While Big Pharmas embarked on a frenzy of acquisitions over recent weeks, Roche’s CEO has explained to Fierce Biotech why the Swiss drugmaker is happy to sit this round out.
M&A reached a fever pitch in March, with the final 12 days of the month resulting in seven acquisitions with a combined headline value of $29 billion. In fact the final day of March not only saw Eli Lilly offer $6.3 billion upfront for sleep-focused Centessa Pharmaceuticals, but also Biogen agreeing to pay $5.6 billion for Apellis Pharmaceuticals and its approved drugs Syfovre and Empaveli.
That’s not to say that Roche has been too timid to buy companies in the recent past. The company made a major obesity play by buying Carmot Therapeutics for $2.7 billion at the end of 2023, and paid $3.5 billion last year for 89bio and its phase-3-stage fatty liver disease candidate.
When asked by Fierce why Roche hadn’t joined in the latest spending spree, CEO Thomas Schinecker explained that one factor is the company’s wariness of getting into debt.
“We have done a number of deals over the last couple of years, and basically with the money that we earned, we more than could finance all the deals directly,” Schinecker told Fierce on a first-quarter earnings call with journalists Thursday morning.
“So we kind of spent everything and reinvested that,” he added. “In a moment where the interest rates are as high as they are, I think it’s also very prudent not to take up that much additional debt.”
Another factor is the fact that—unlike many of its peers—Novartis doesn’t feel the pressure of approaching patent cliffs, the CEO said.
“There are companies that definitely have significant patent cliffs ahead, and they are in a much more urgent situation to do significant deals,” he noted. “If we look at the outlook and the fact that we have almost 19 medicines that could launch by the end of the decade, we don’t see a situation where we’ll ever be in a declining situation, so we can continue our growth momentum in the future.”
Those potential launches include obesity assets like enicepatide, a GLP-1/GIP receptor from the Carmot acquisition, and the Zealand-partnered long-acting amylin analog petrelintide. There’s also the multiple sclerosis therapy fenebrutinib, which will be filed with regulators this year, and the breast cancer drug giredestrant, which has already been sent to the FDA.
The final reason for staying clear of the acquisition stampede is down to value for money, according to Schinecker.

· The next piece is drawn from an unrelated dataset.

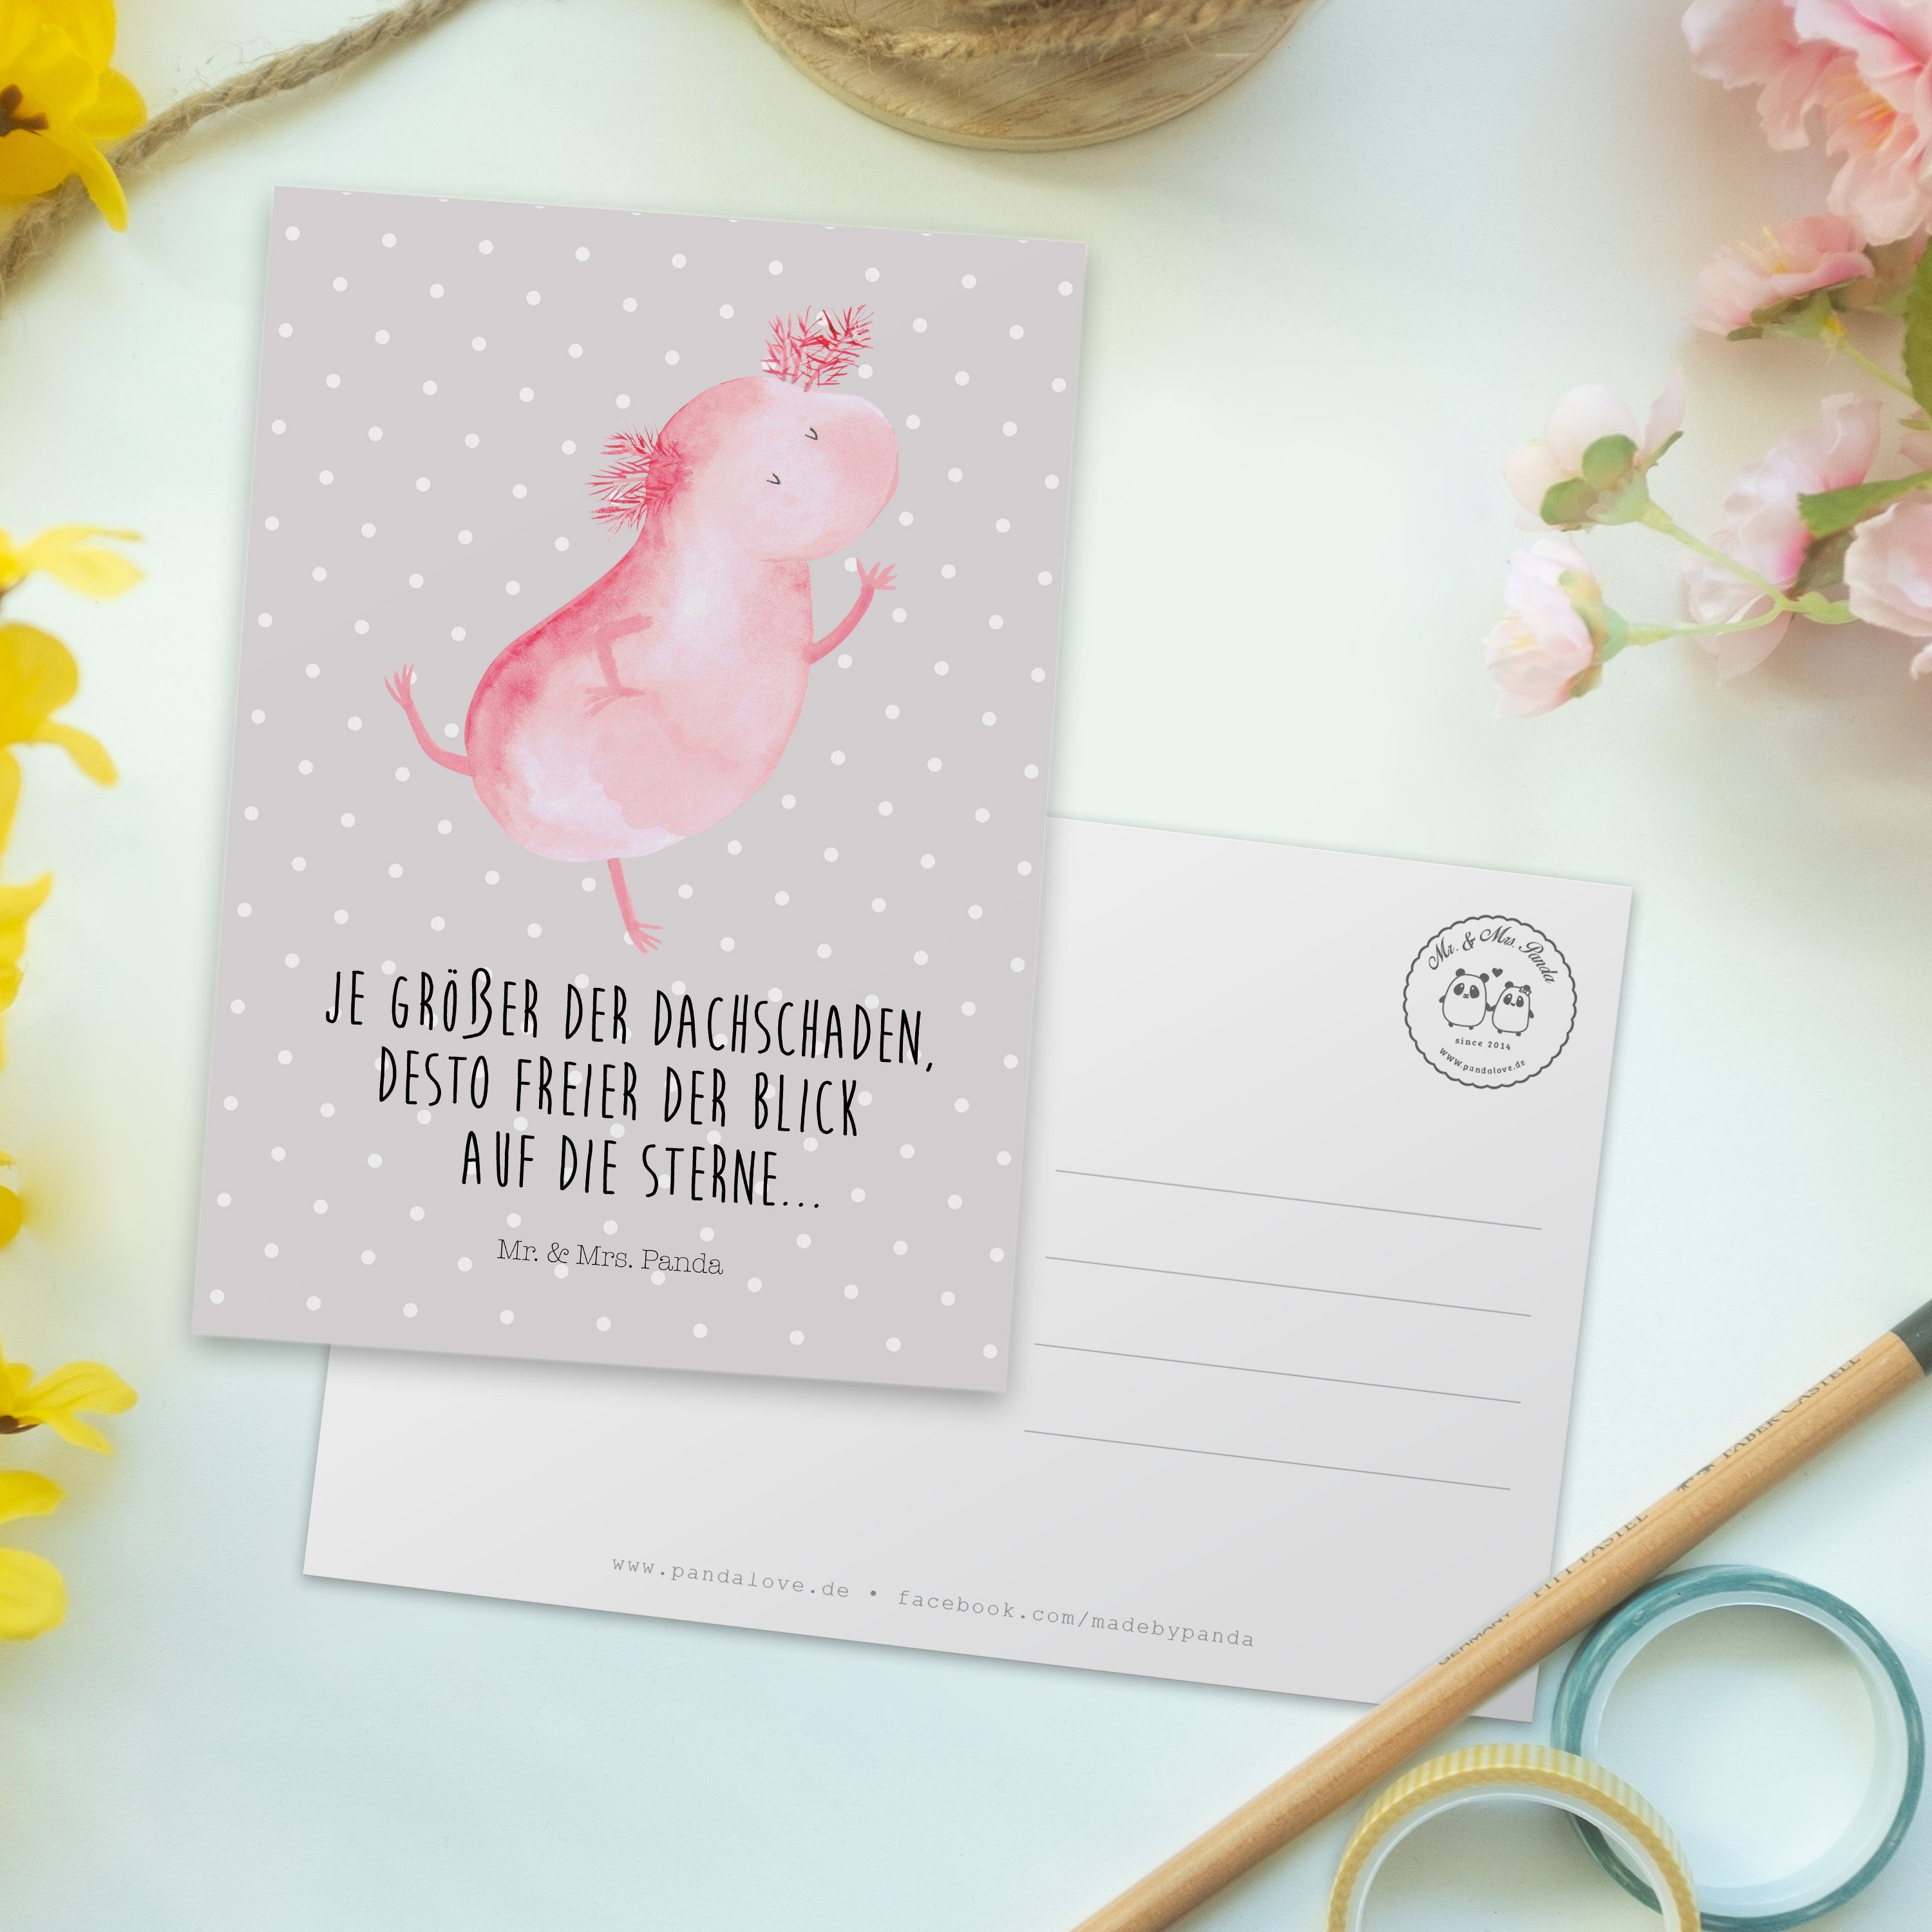 Mr. & Mrs. Panda tanzt Axolotl Dankeskarte, Pastell Amphibie, Geschenk, - Grau - Postkarte Karte

“For us, it’s also very important that we don’t overpay,” the CEO told Fierce. “We want to make sure that we’re very disciplined and … we’ve always been very good at picking up interesting molecules, but at acceptable prices.”

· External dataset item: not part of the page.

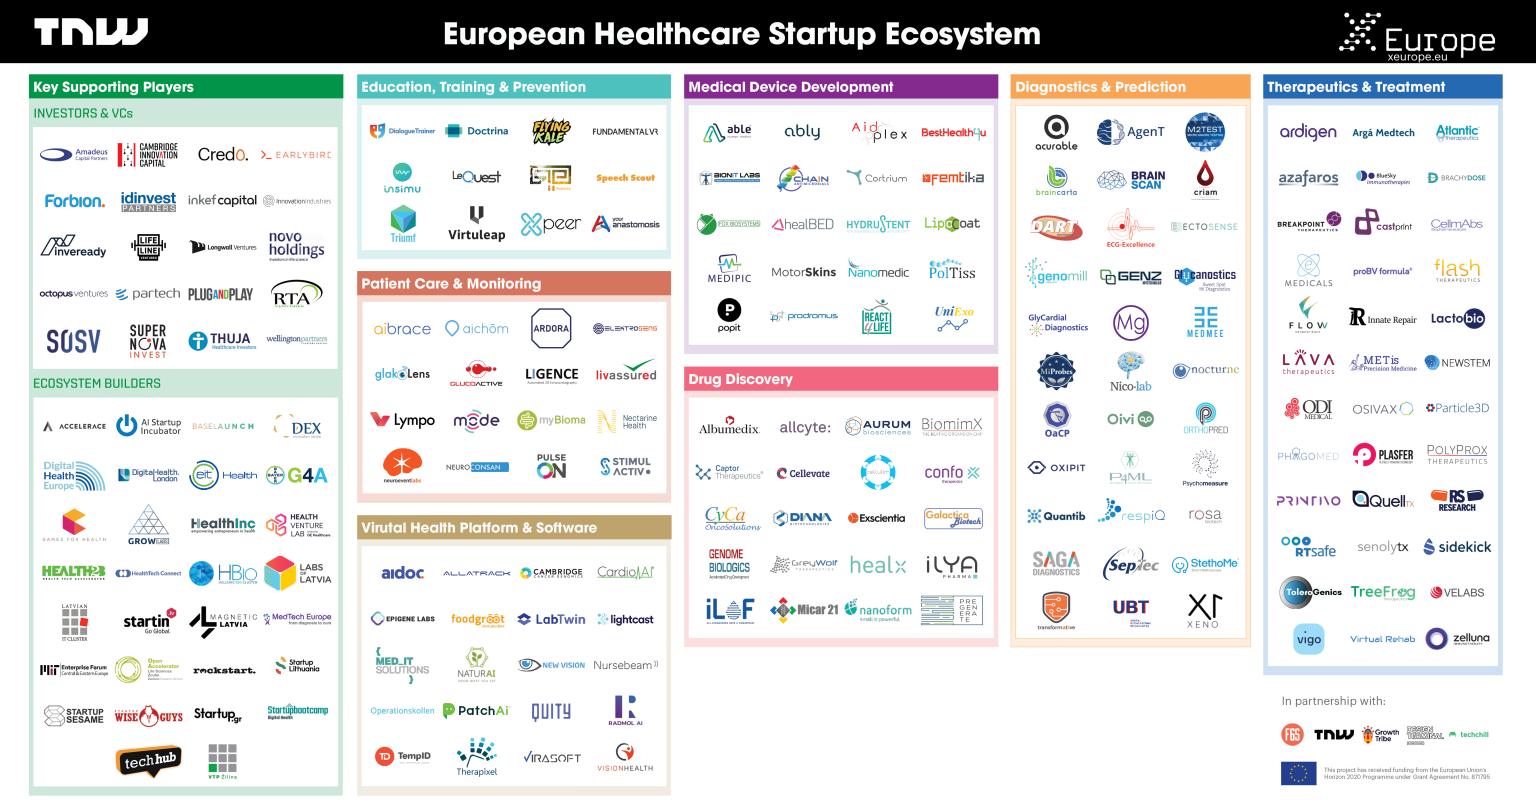 Micar Innovation (Micar21) part of European Healthcare Startup Ecosystem

When it comes to the drugs already sitting in Roche’s pipeline, the company revealed this morning that it stopped evaluating englumafusp as a potential treatment for patients with diffuse large B-cell lymphoma. Data from a phase 1b/2 trial suggested that the CD19 and 4-1BB-targeting fusion protein “did not meet our criteria to become a transformative medicine for patients replacing the current and future standard of care,” the pharma told Fierce this morning.
Further back in development, the company also stopped work on an anti-leukocyte trafficking antibody dubbed RG6377 due to tolerability issues related to the skin and joints. Roche had been aiming the asset at inflammatory bowel disease.
Another drug thrown on the scrapheap was alogabat. Roche had been evaluating the drug as a potential treatment for Angelman syndrome, but told Fierce a phase 1 study had suggested the drug was “not able to even partially normalize the EEG beta-band power and fully address the GABAA receptor-related pathophysiology” of patients with this rare neurogenetic disorder.